- [PROVIDED INFORMATION]
——————————
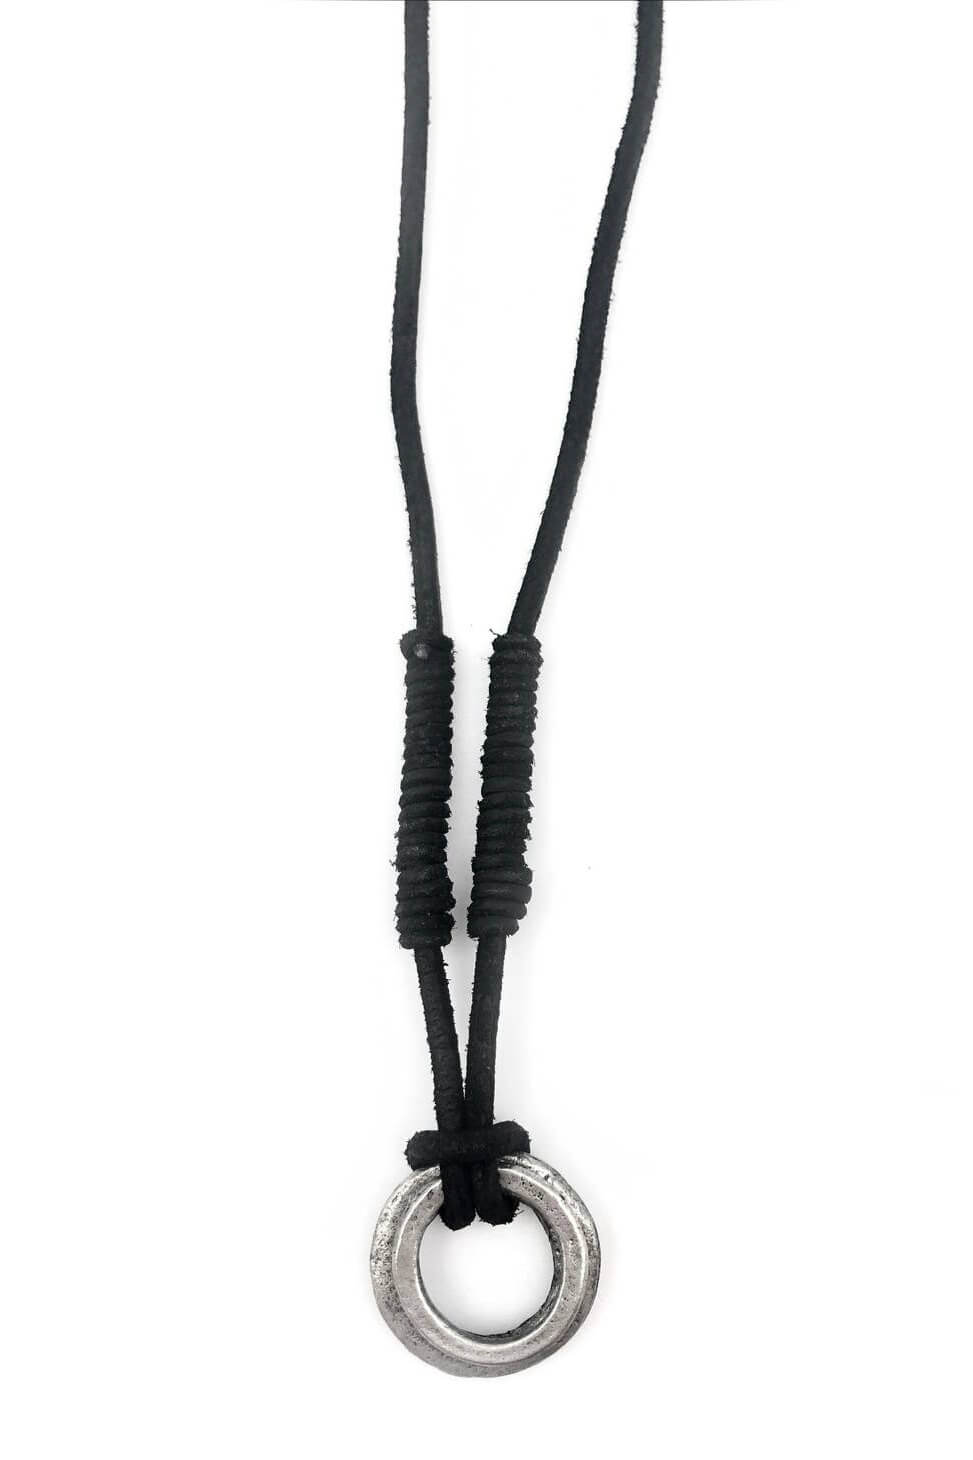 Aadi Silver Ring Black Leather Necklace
——————————
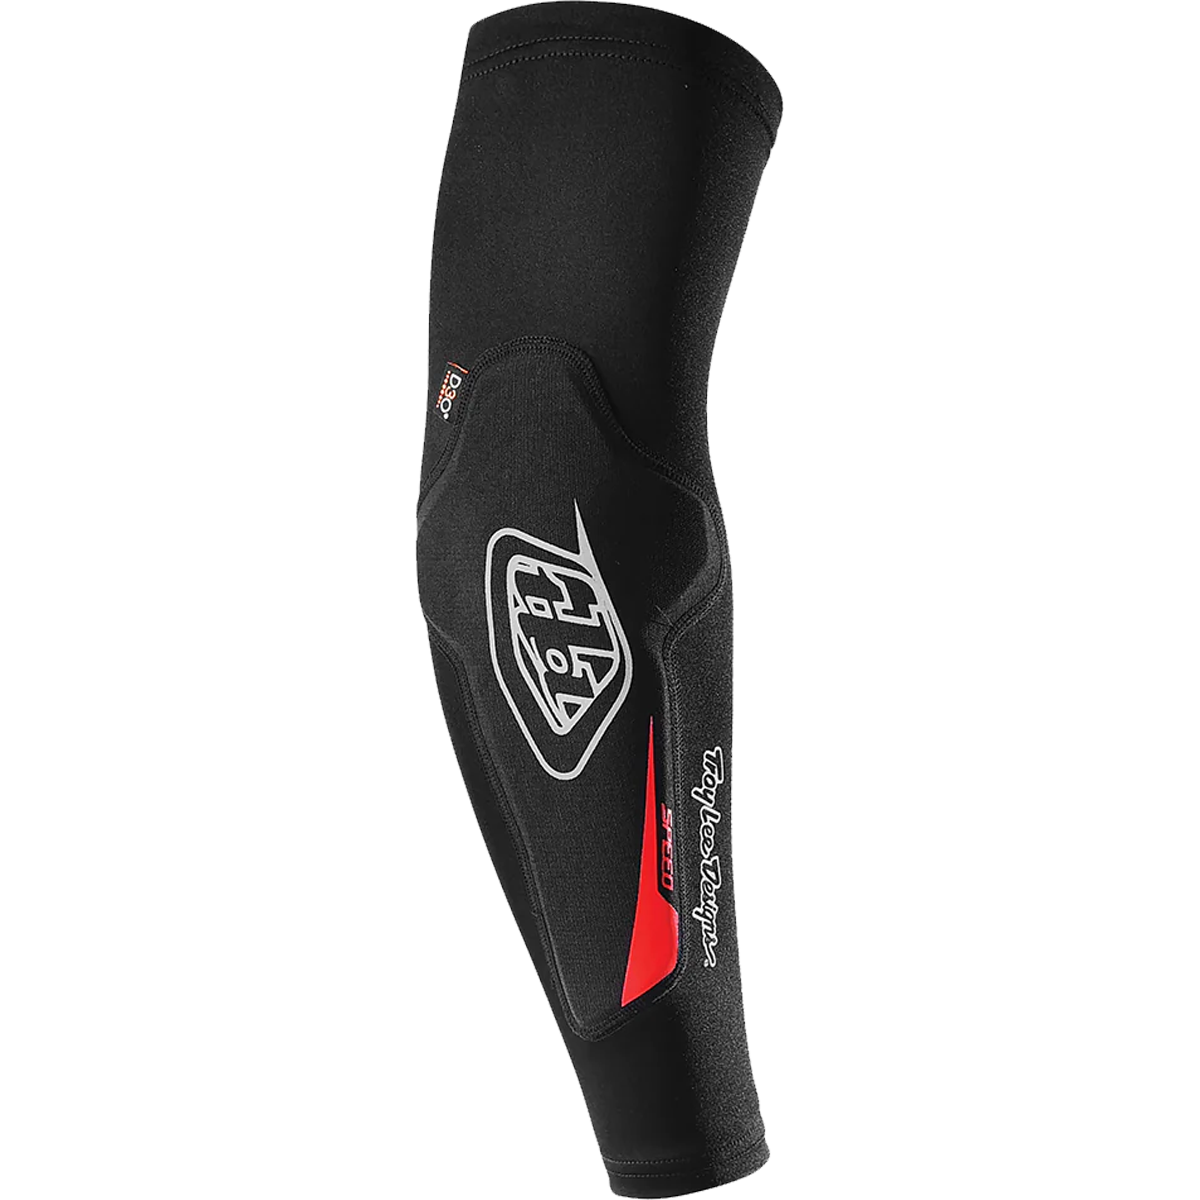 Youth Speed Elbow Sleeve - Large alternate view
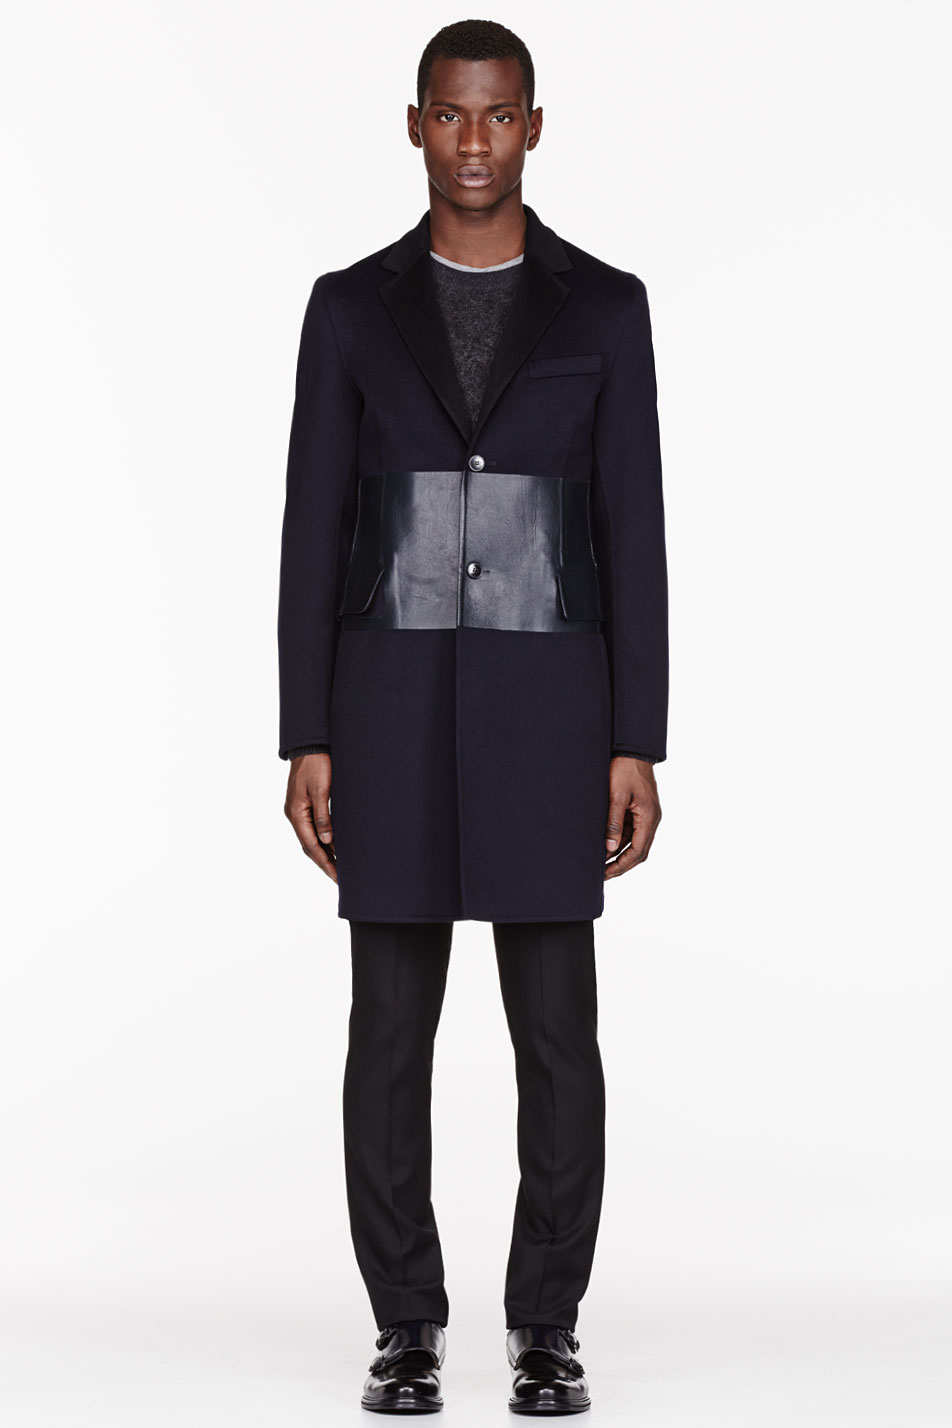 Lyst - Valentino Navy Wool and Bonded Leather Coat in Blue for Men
——————————
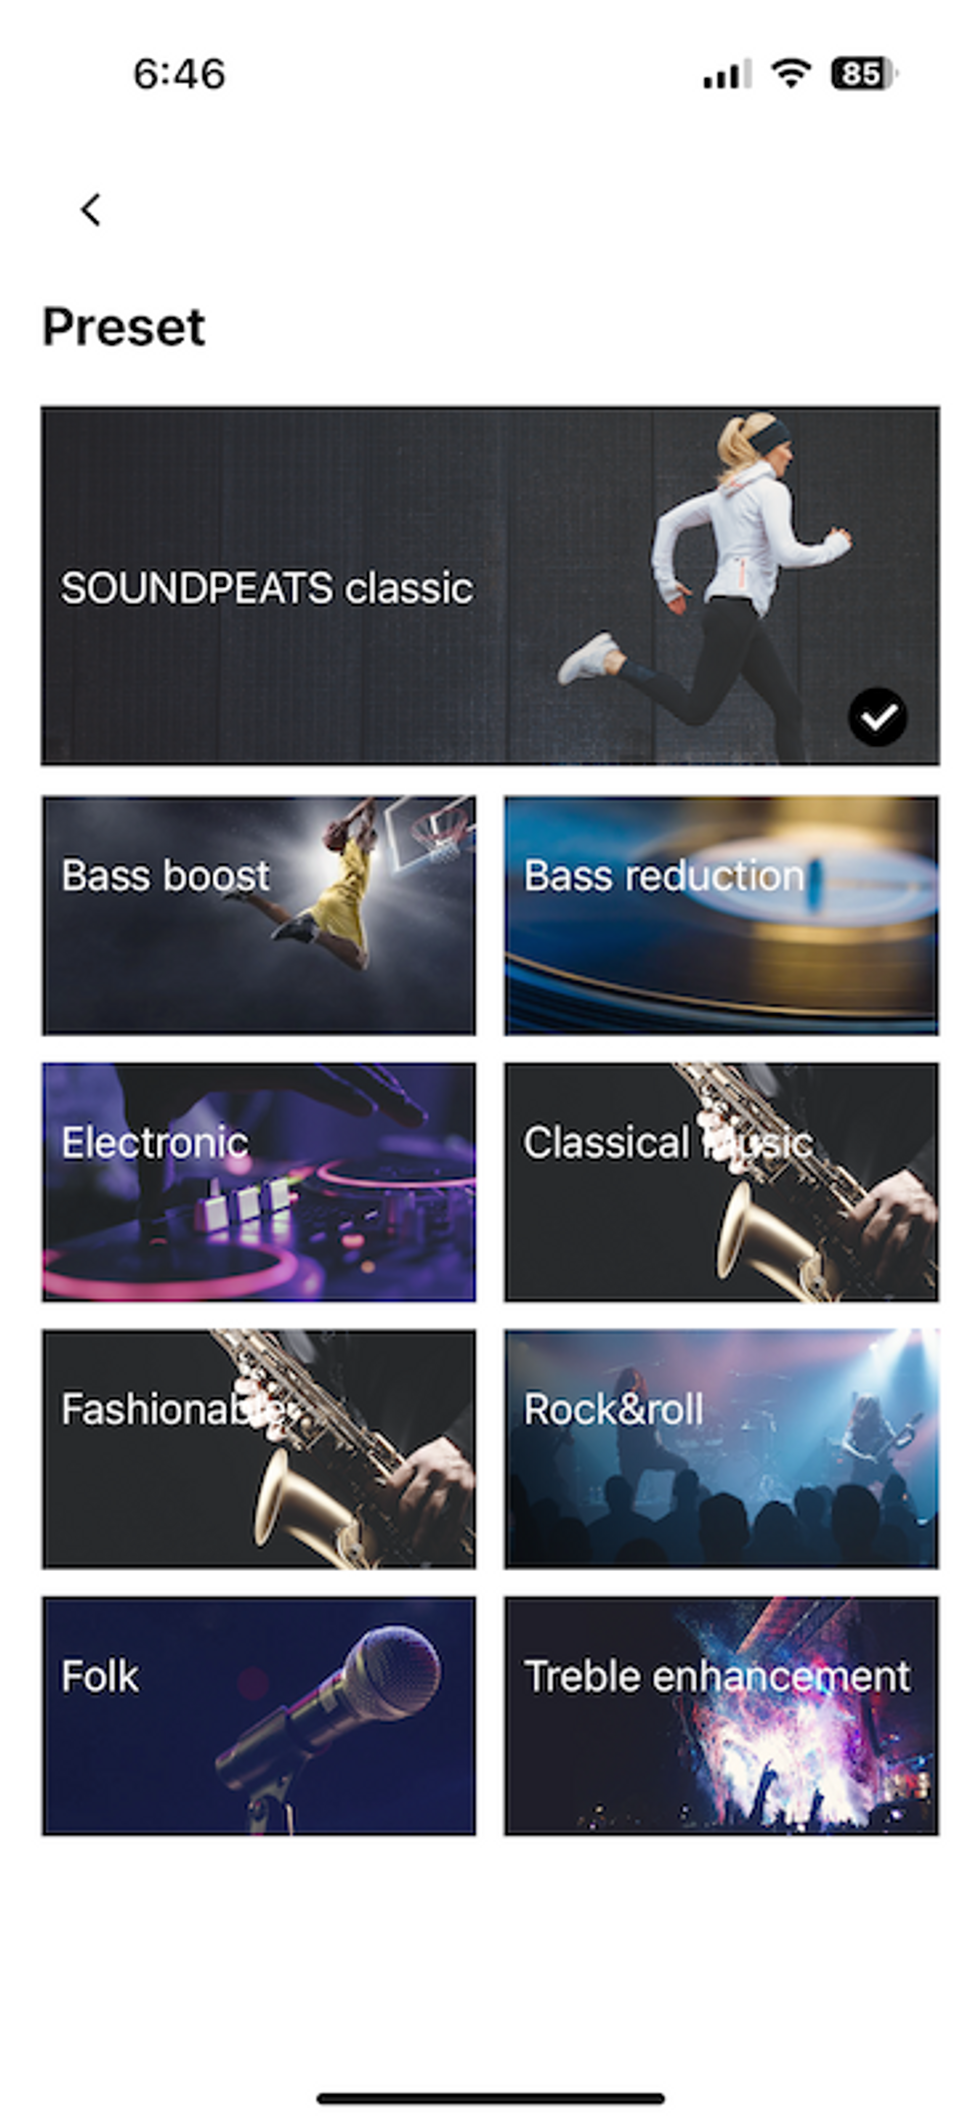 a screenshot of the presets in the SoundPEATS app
——————————
- [WORK REQUIRED] In the listing above, find the line containing "Youth Speed Elbow" and the line containing "Lyst - Valentino"; print those lines and every line between them exactly, leaving out pictures.

- [FINISHED EXERCISE]
 Youth Speed Elbow Sleeve - Large alternate view
 Lyst - Valentino Navy Wool and Bonded Leather Coat in Blue for Men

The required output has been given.